The US Securities and Exchange Commission has registered Paxos as the first blockchain-native clearing agency operating in the United States, a structural step that places on-chain settlement directly inside the regulated post-trade plumbing that supports US securities markets. The decision was announced via Cointelegraph and Paxos channels on May 29, 2026.
Clearing agencies sit between buyers and sellers, guaranteeing trades and managing the netting, custody, and final delivery of securities. Until now, every registered clearing agency in the US has run on conventional database infrastructure, with the Depository Trust & Clearing Corporation (DTCC) handling the vast majority of equity and bond clearing volume. Paxos's registration adds the first node in that regulatory tier that natively records ownership on a blockchain.
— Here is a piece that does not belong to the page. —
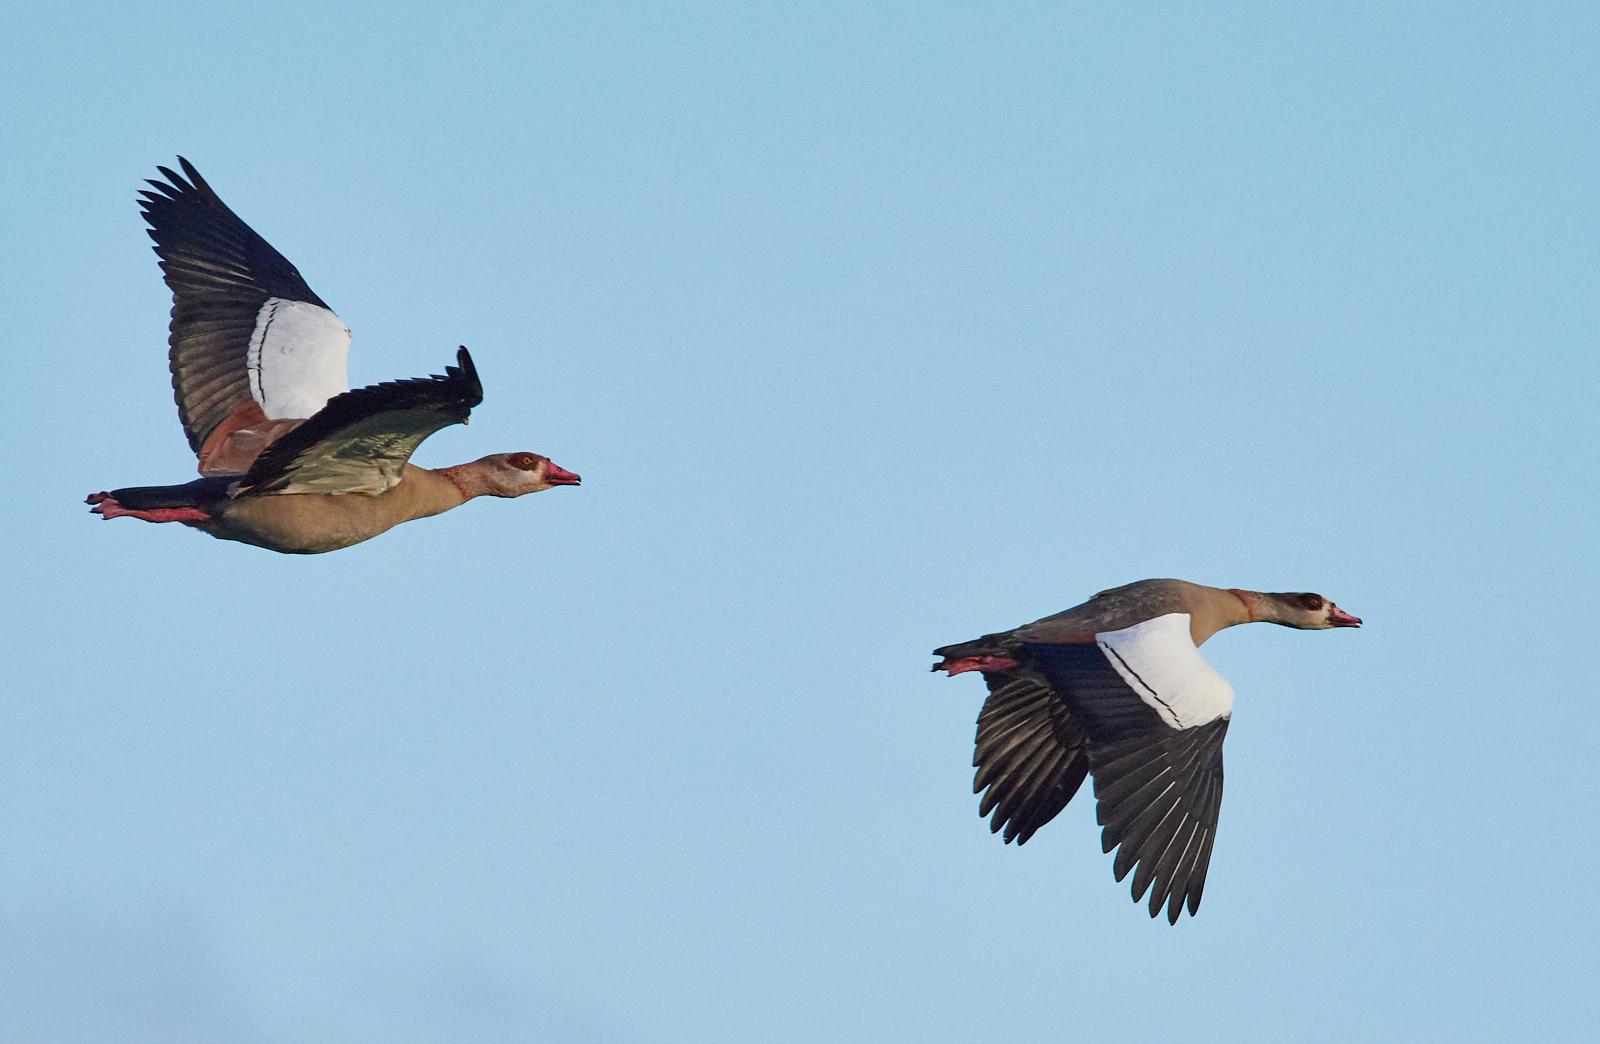 Egyptian geese1600x1200 sRGB.jpg

A regulated bridge into the post-trade stack
The significance is not that Paxos is using a blockchain, the company already operates a tokenized US Treasury product and is the issuer behind the regulated stablecoins USDP and PYUSD. The shift is that the SEC is now allowing a blockchain-based ledger to act as the system of record for clearing and settlement of securities transactions, with the same regulatory standing as the incumbent infrastructure.
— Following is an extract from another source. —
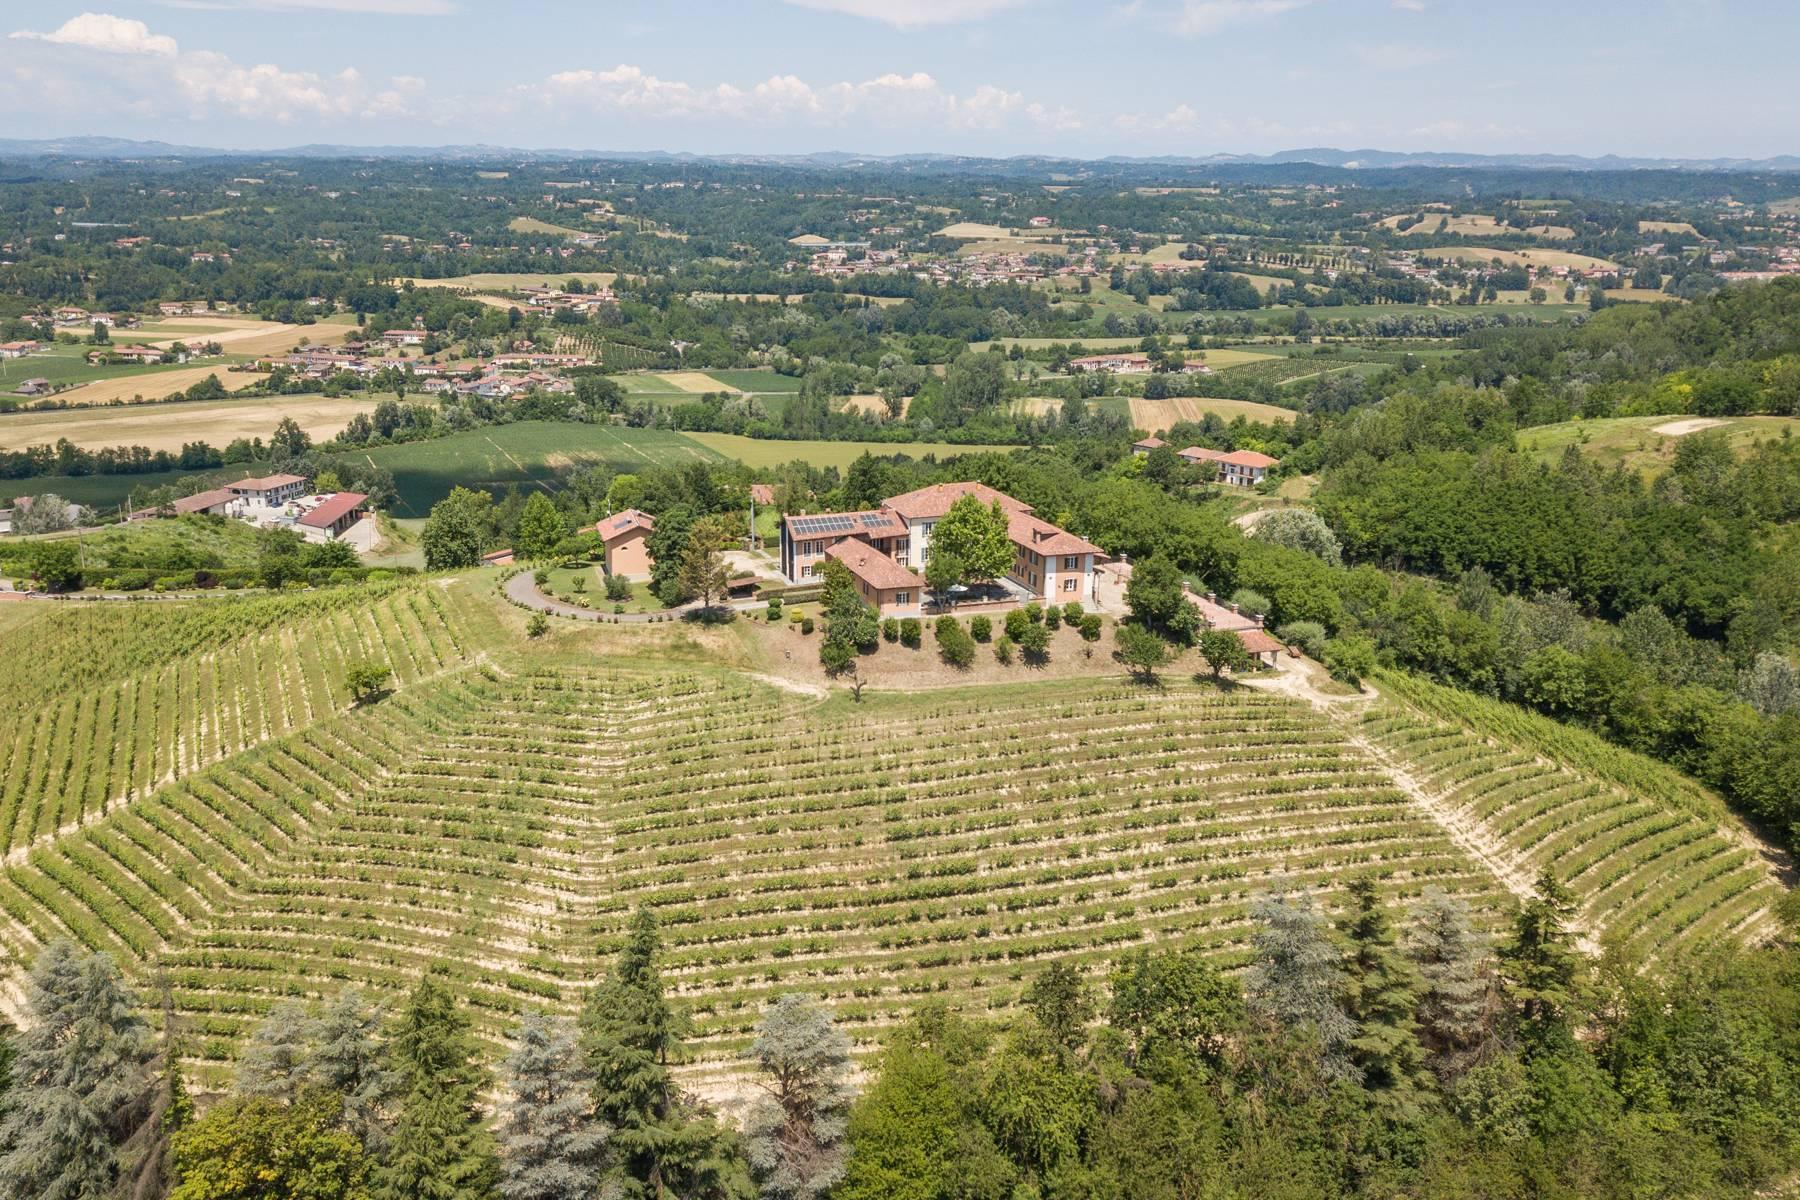 Prestigious estate with breathtaking views of the Alps - 35

Registration as a clearing agency requires meeting Rule 17Ad-22 standards covering risk management, member access, recovery and wind-down planning, and the segregation of customer assets. By granting registration, the SEC has implicitly accepted that a blockchain-based platform can satisfy those requirements, including in stress scenarios where settlement finality and asset segregation must hold up under legal challenge.
For market participants, the practical effect is a regulated venue that can take a tokenized security from trade to final settlement without leaving the on-chain environment. Settlement that today moves through multiple custodial layers and standard T+1 timing can compress into a much shorter window once activity migrates onto this rail.
Context in a busier tokenization year
The Paxos approval lands in the middle of a notable run of tokenized-asset activity. The Bank for International Settlements has moved Project Agorá into live real-value cross-border payment tests with central banks, the tokenized real-world asset market has reached around $51B with private credit leading, and Polygon has crossed $2.5T in cumulative stablecoin transfer volume. None of those datapoints, however, touched the regulated US clearing tier. The Paxos decision does.
It also sits alongside several recent moves that point in the same direction. Mastercard secured a New York BitLicense for stablecoin payments earlier in the month, and United Texas Bank won an OCC national charter that includes direct Fed access for crypto-adjacent services. Taken together, the through-line is the same: regulators are no longer treating blockchain infrastructure as a parallel sandbox, they are slotting specific operators into the existing rulebook.
Open questions on scope and rollout
The initial registration does not automatically deliver volume. Two factors will determine how quickly the new agency matters.
The first is asset coverage. Clearing agency registration is granted on a defined scope of securities. The early focus is widely expected to be tokenized Treasuries, money market fund shares, and select equity issuance, where there is already meaningful issuer demand for shorter settlement cycles and where the legal status of the underlying asset is well established.
The second is broker-dealer integration. For a clearing agency to be useful, broker-dealers and other intermediaries must connect to it as members. That requires their own internal compliance, capital, and operational sign-offs. Paxos has existing distribution through major US banks and brokerages on its stablecoin and tokenized Treasury products, but onboarding members at the clearing level is a slower and more involved process.
There is also the question of how the existing infrastructure responds. DTCC has been running its own tokenized settlement pilots and has explored shared ledger arrangements with member banks. A second, blockchain-native, SEC-registered clearing agency creates a competitive reference point that the incumbent did not previously face.
For crypto-card and stablecoin operators, the second-order effect is on settlement rails. Today, fiat off-ramping from on-chain balances still relies almost entirely on conventional bank rails and stablecoin issuer reserves held with traditional custodians. As tokenized securities and cash equivalents start clearing through a blockchain-native, US-regulated agency, those reserves become easier to hold, move, and verify on-chain, which is a structural plus for stablecoin payment networks and the issuers backing them.
Overview
Paxos is now the first blockchain-native clearing agency registered with the SEC, putting on-chain settlement of US securities directly inside the regulated post-trade tier for the first time. The approval is structurally important rather than immediately disruptive, real volume will depend on the asset scope of the registration and on broker-dealer integration over the coming quarters. It is also the clearest sign yet that US regulators are willing to embed specific blockchain operators inside, rather than alongside, the existing securities market infrastructure.